29.4 In compiling the national accounts the ABS is mindful of all of these issues. The ABS maintains regular contact with key users and their views on what aspects of quality are most important to determine how the quality trade-offs are dealt with. User views on quality are also given prominence in developing work programs for improving the quality of the national accounts.
Accuracy
29.5 Accuracy can be defined as the proximity of an estimate to its notional true value. The true value is considered notional because, in practice, most statistics cannot be measured with perfect accuracy. Also, as this true value is generally unknown, it is generally impossible to quantify exactly how far an estimate deviates from its true value. Nonetheless, by being aware of the factors that influence accuracy, judgements can be made as to the extent of error likely to be associated with an estimate. These judgements can be enhanced by comparing estimates that conceptually should be identical, or by comparing estimates where a particular relationship between the estimates could be expected. In other words, the extent to which a set of statistics are coherent can provide a guide to the accuracy of the statistics. However, it should be noted that a coherent set of statistics is not necessarily an accurate set, as the statistics that are being compared may suffer from similar magnitudes of error with the errors being in the same direction.

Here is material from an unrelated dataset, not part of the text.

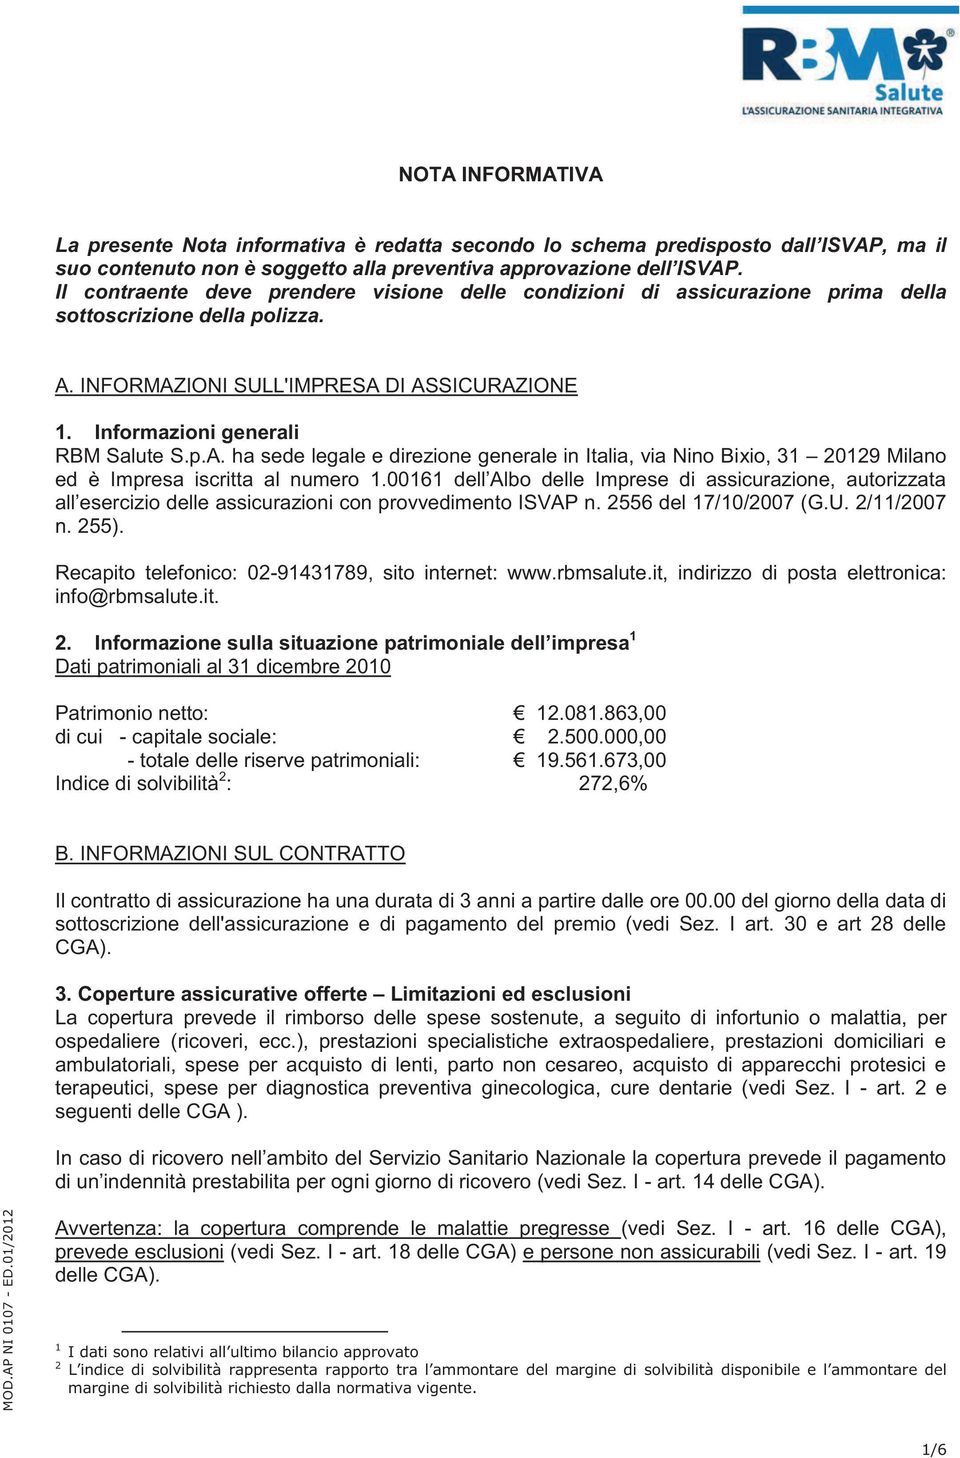 INFORMAZIONI SULL'IMPRESA DI ASSICURAZIONE 1. Informazioni generali RBM Salute S.p.A. ha sede legale e direzione generale in Italia, via Nino Bixio, 31 20129 Milano ed è Impresa iscritta al numero 1.

29.6 The accuracy of statistics is influenced by a number of factors, including:
- data collection errors, which include errors due to the inability of data providers to report on the correct basis, mistakes in the reporting of data, errors due to non-response, and errors introduced during the processing of data;
- methodological errors, which include errors resulting from shortcomings in data sources and estimation methods;
- errors in the coverage of source data collections; and
- errors attributable to the use of sample surveys, rather than complete enumerations.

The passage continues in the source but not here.